Automate your workflow with Nanonets
schedule a demo Get Started

Download the expert's guide to document automation for unstructured data extraction

Download Buyer's Guide to AP Automation

Data is the lifeline of all online businesses and the way we interact.

Every day, we create roughly 2.5 quintillion bytes of data. That’s a lot. But what is surprising is that 90% of that data is unstructured.

It does not have any particular structure. So in order to make sense of the data, we really need to understand how to deal with unstructured data.

Let’s deep dive into unstructured data without further ado.


What is Unstructured Data?

Everything in this digital world is composed of data. Data can be of two formats, either it can follow a proper structure or it would not.

Any information that is not arranged into any sequence or scheme or any specific structure that makes it easy to read for others is called unstructured data. Unstructured data has no structure or format to make it easily recognizable. Unstructured data is highly text-based like data, facts open-ended survey responses but it also can be nontextual like images, audio, or video.

There was a time when everything was composed of unstructured data and it is the major reason that in past, data was stored in the form of bulk mass. In the modern era, the trend of saving data into paper files and bulk masses has gone, now there is modern software that takes the information and extracts data from this information. There are many examples of unstructured data, all the information in the form of texts and multimedia information, and bulk mass files are an example of unstructured data.

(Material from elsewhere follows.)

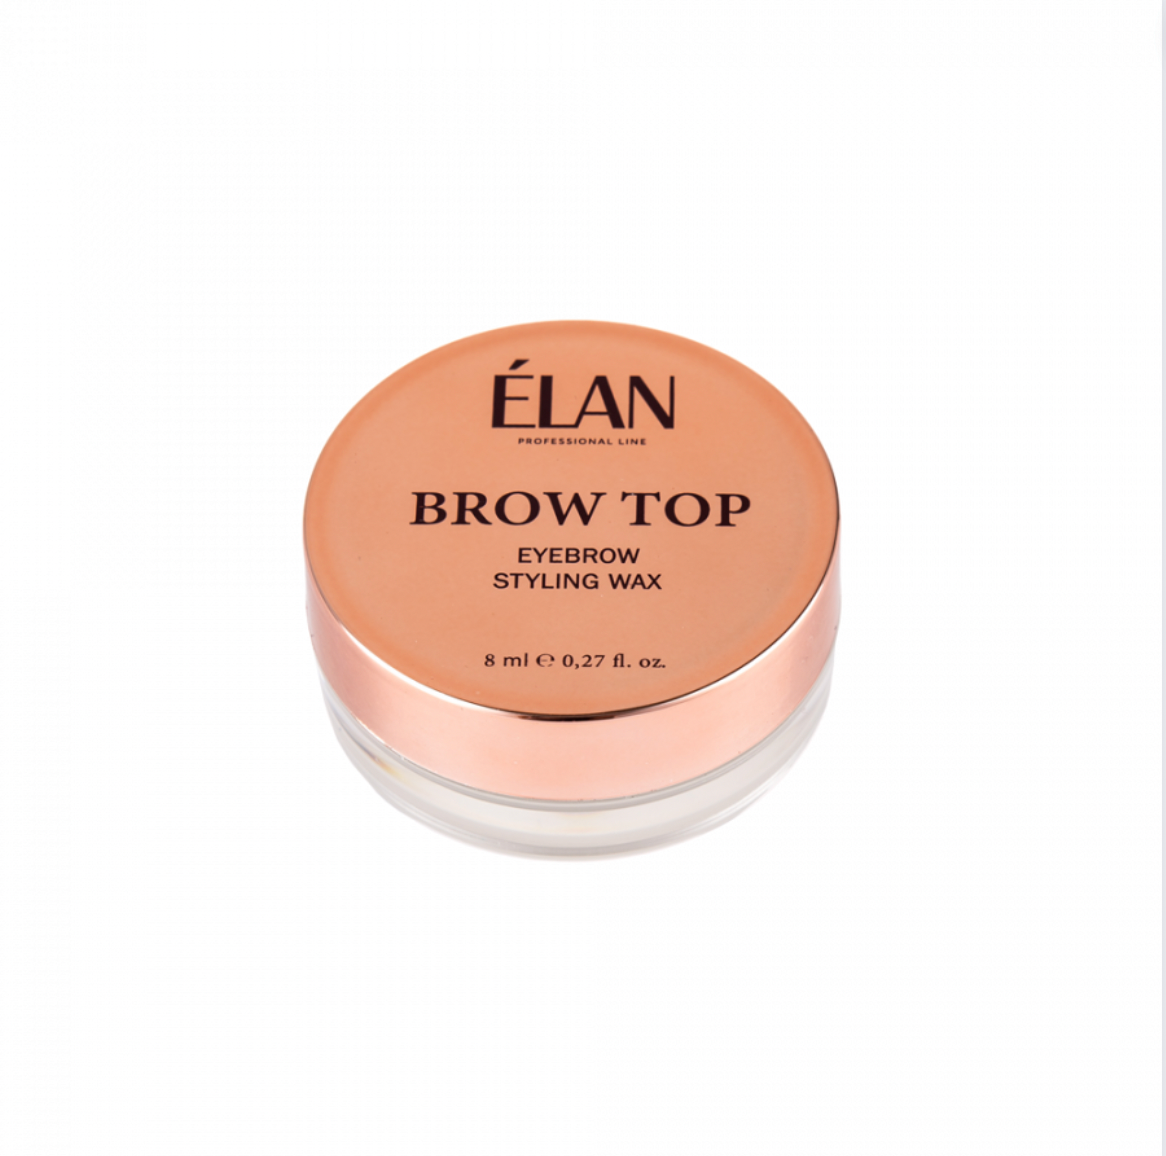 ÉLAN - Brow Top - Eyebrow Styling Wax, 8ml

Structured data is crucial but given the amount of unstructured data, it makes sense for brands to collate their efforts to understand and derive insights from unstructured data.

Read more: How to extract data from PDF?

What are the examples of unstructured data?

When you think of data, think of any kind of data that does not have a repeating or recognizable pattern, and that would be unstructured data. It can be textual, nontextual, human, or machine-generated. Here are some examples of unstructured data :

Text Data

The data that is available in an email or written form is called text data. Text messages, written documents, word, PDFs, and other files, of them, are an example of unstructured data.

Read more:

Extract Data from Scanned Documents
Automated Data Extraction
Digitizing Document Based Processes
Document Data Capture
Intelligent Data Capture

Multi-media messages

One type of unstructured data is multimedia messages. Multi-media data comprises images (JPEG, PNG, GIF), audio, or video format. Multimedia messages are a mix of complex code that does not have a similar pattern. All the images, videos, or audio files can be encrypted binary codes which follow no pattern, and therefore are unstructured data. What do you see here?

Well, it is actually an image of a red car.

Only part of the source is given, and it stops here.